══ Provided data
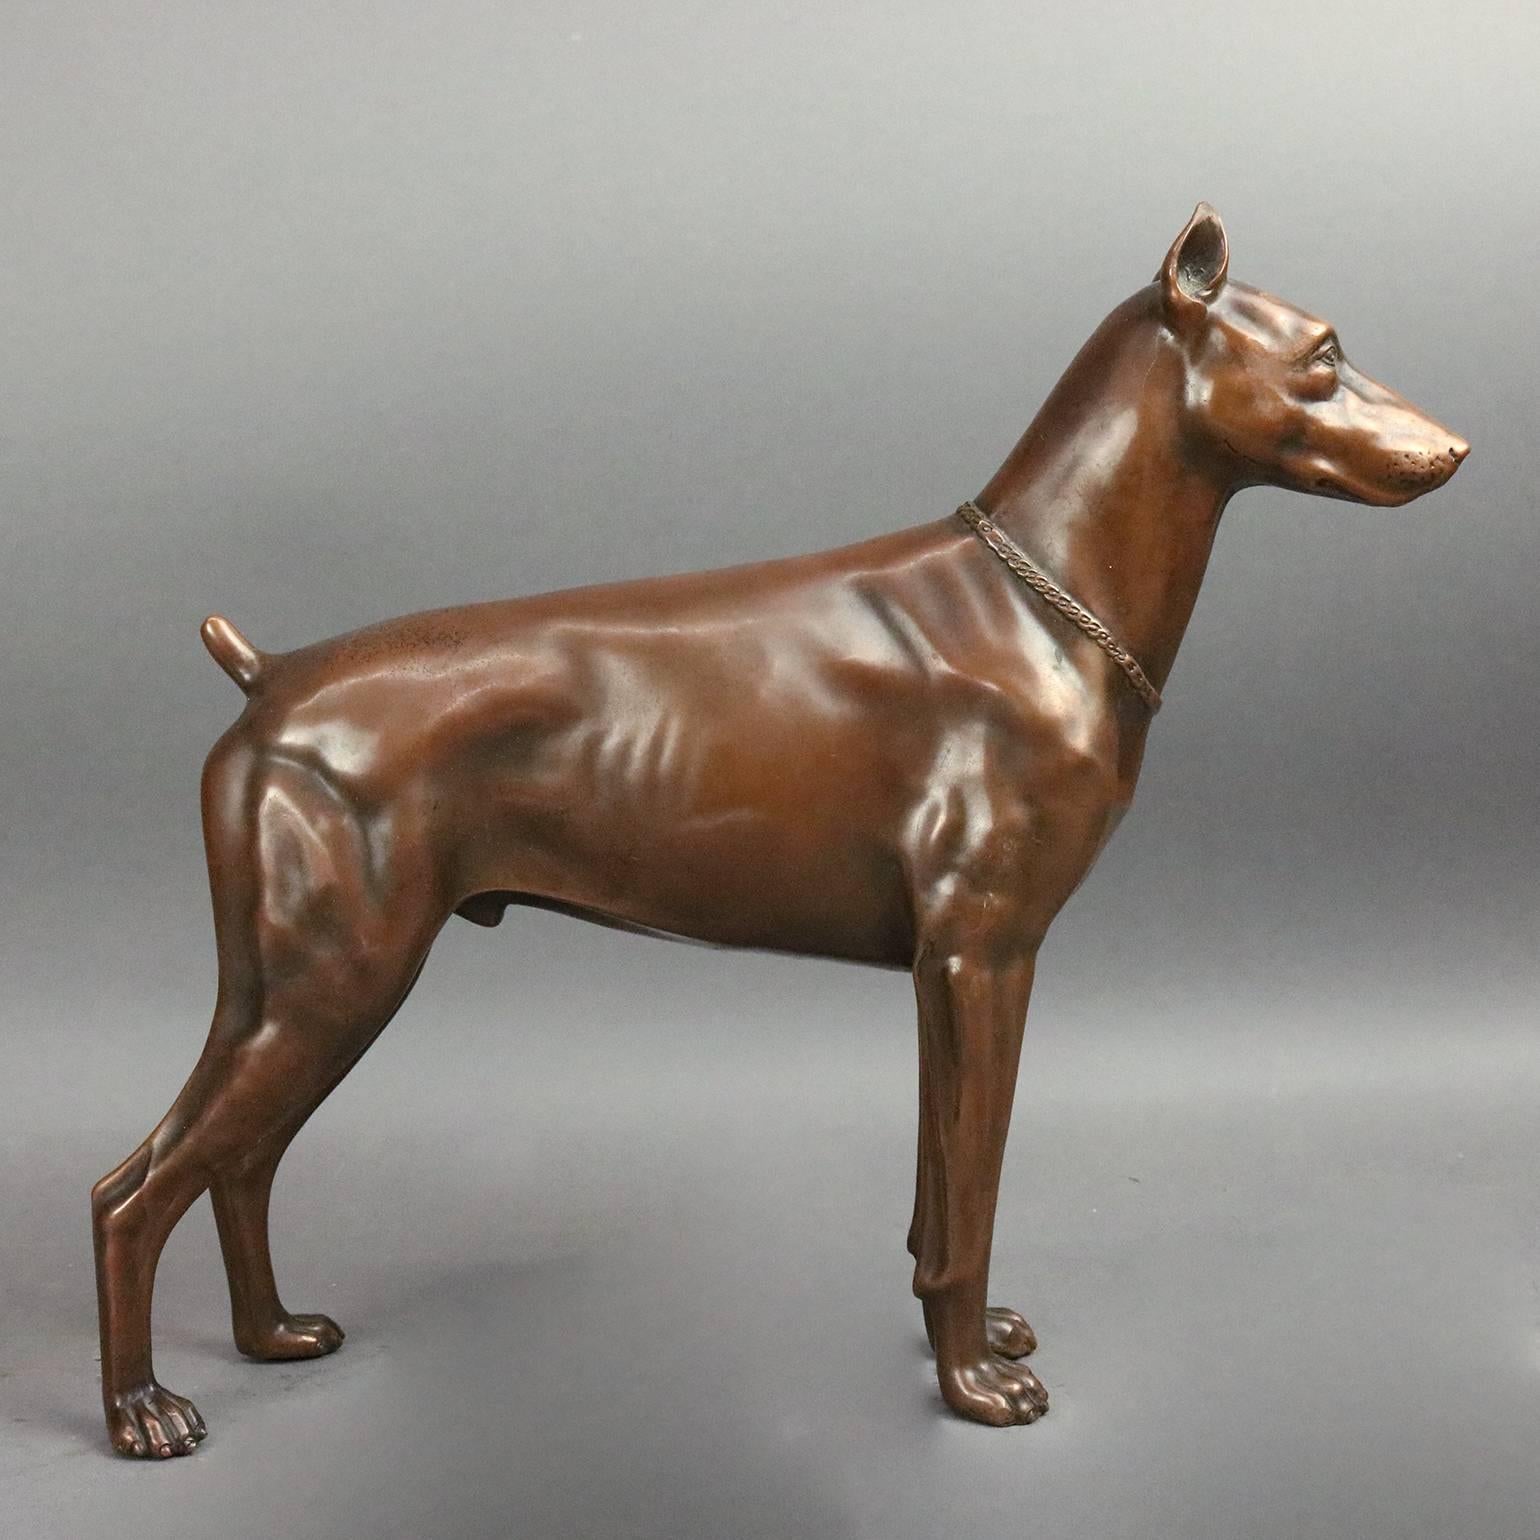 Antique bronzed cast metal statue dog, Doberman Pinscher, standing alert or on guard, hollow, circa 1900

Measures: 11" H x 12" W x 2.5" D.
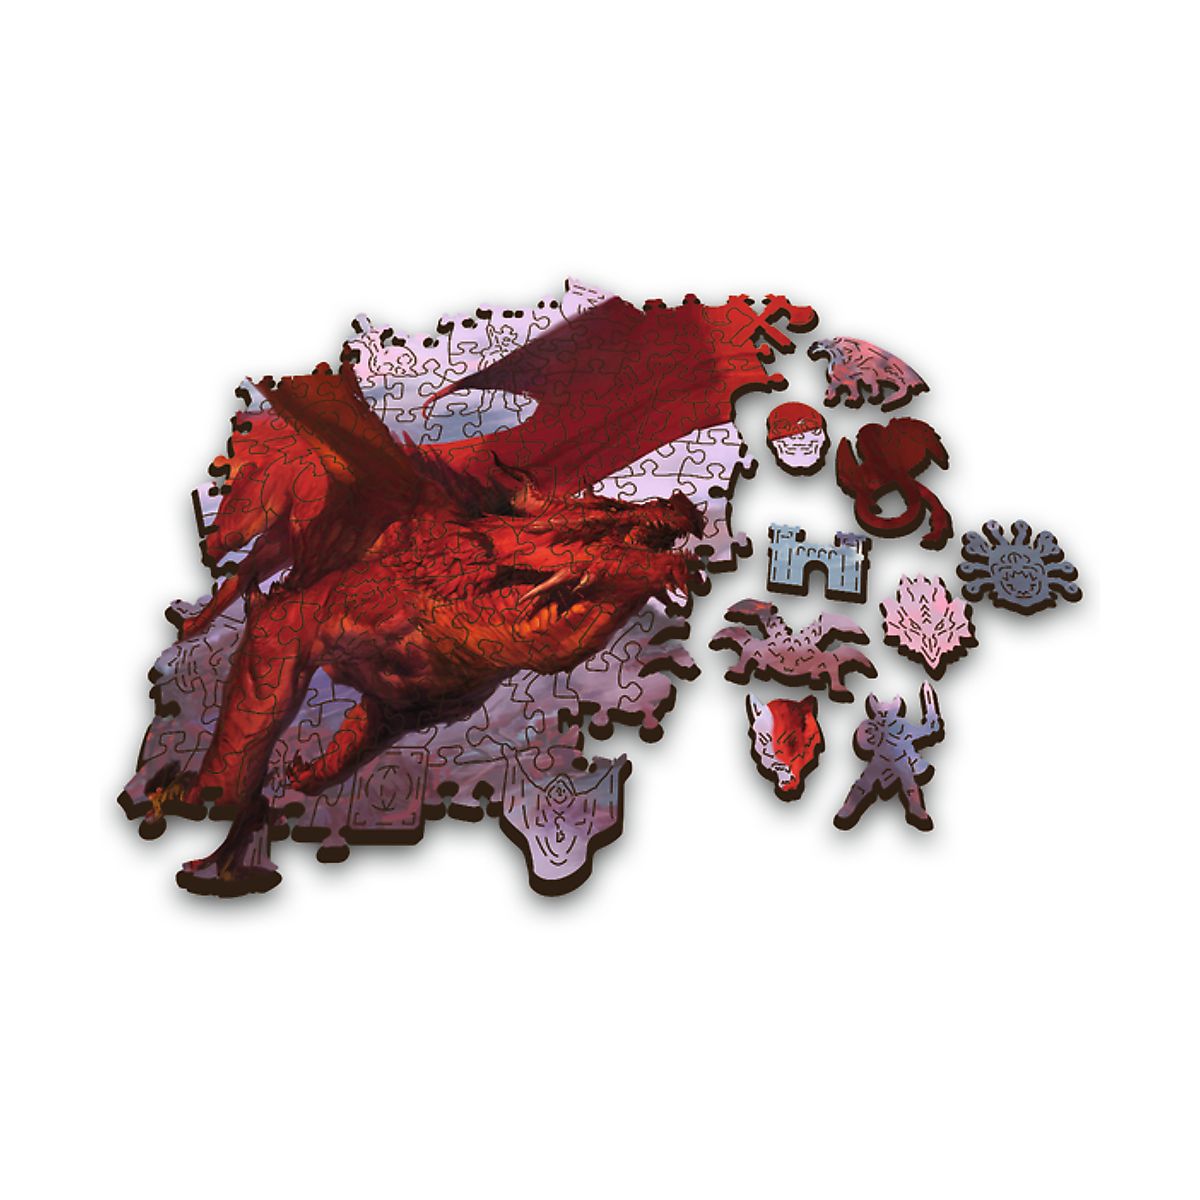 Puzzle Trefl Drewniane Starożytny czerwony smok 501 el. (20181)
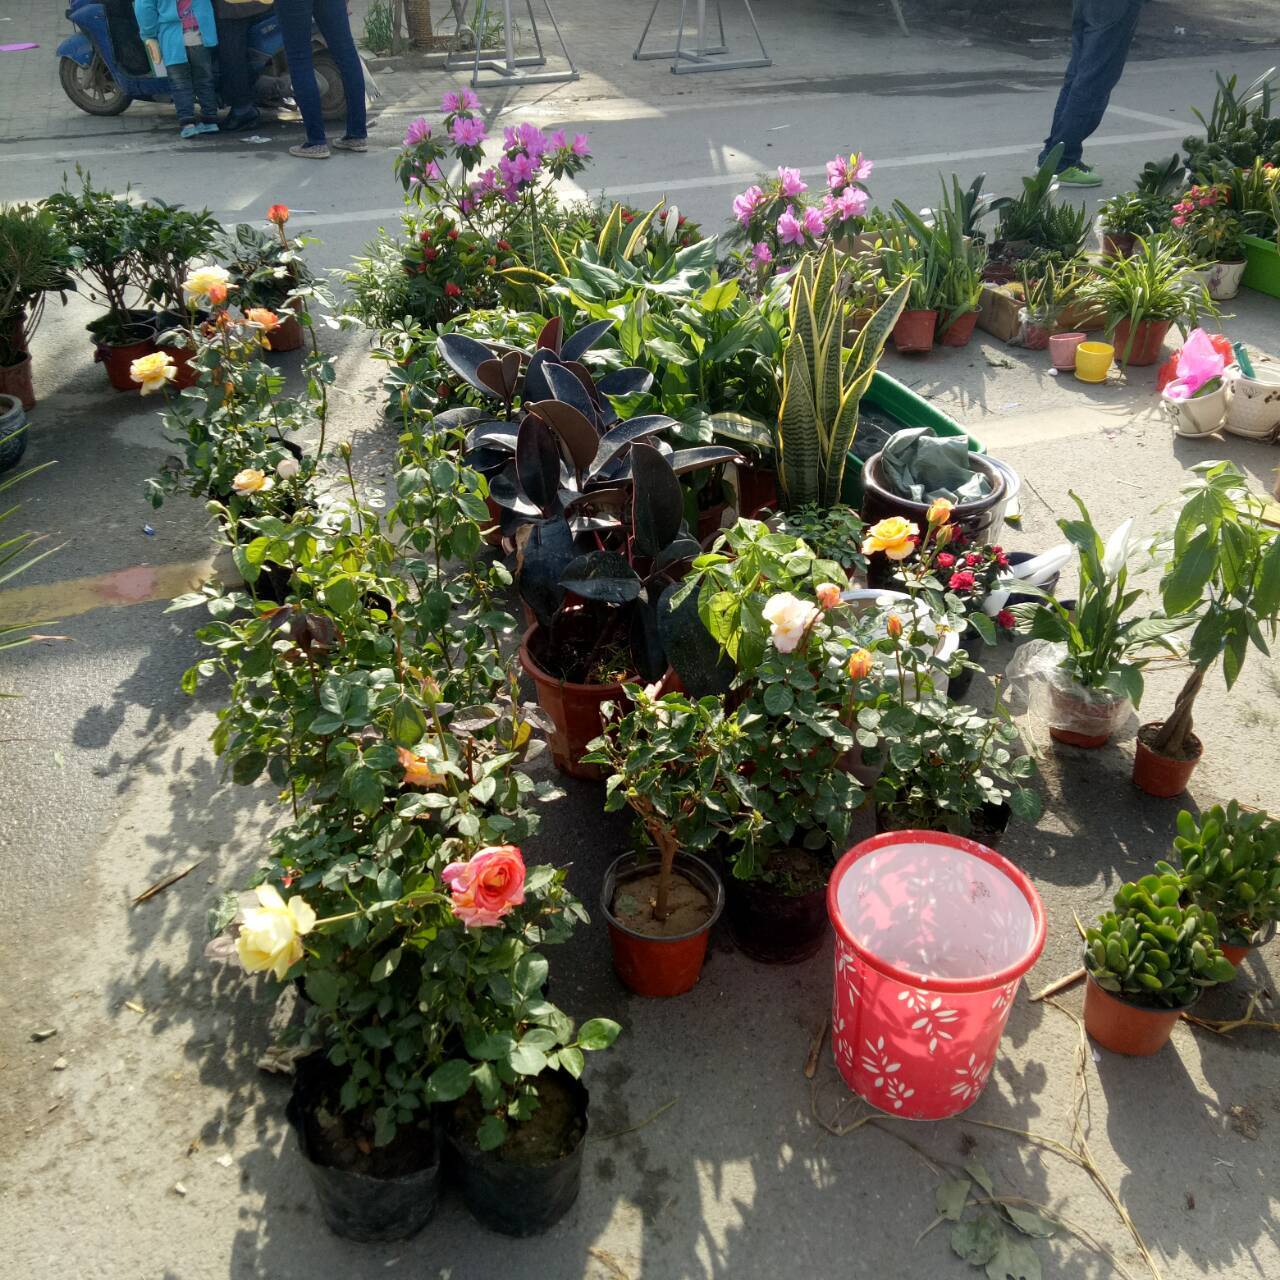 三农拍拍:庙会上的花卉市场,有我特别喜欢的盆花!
════
» **The task**: Transcribe the data exactly and leave no picture in the copy.

» **Response area**:
 Antique bronzed cast metal statue dog, Doberman Pinscher, standing alert or on guard, hollow, circa 1900

Measures: 11" H x 12" W x 2.5" D.
 Puzzle Trefl Drewniane Starożytny czerwony smok 501 el. (20181)
 三农拍拍:庙会上的花卉市场,有我特别喜欢的盆花!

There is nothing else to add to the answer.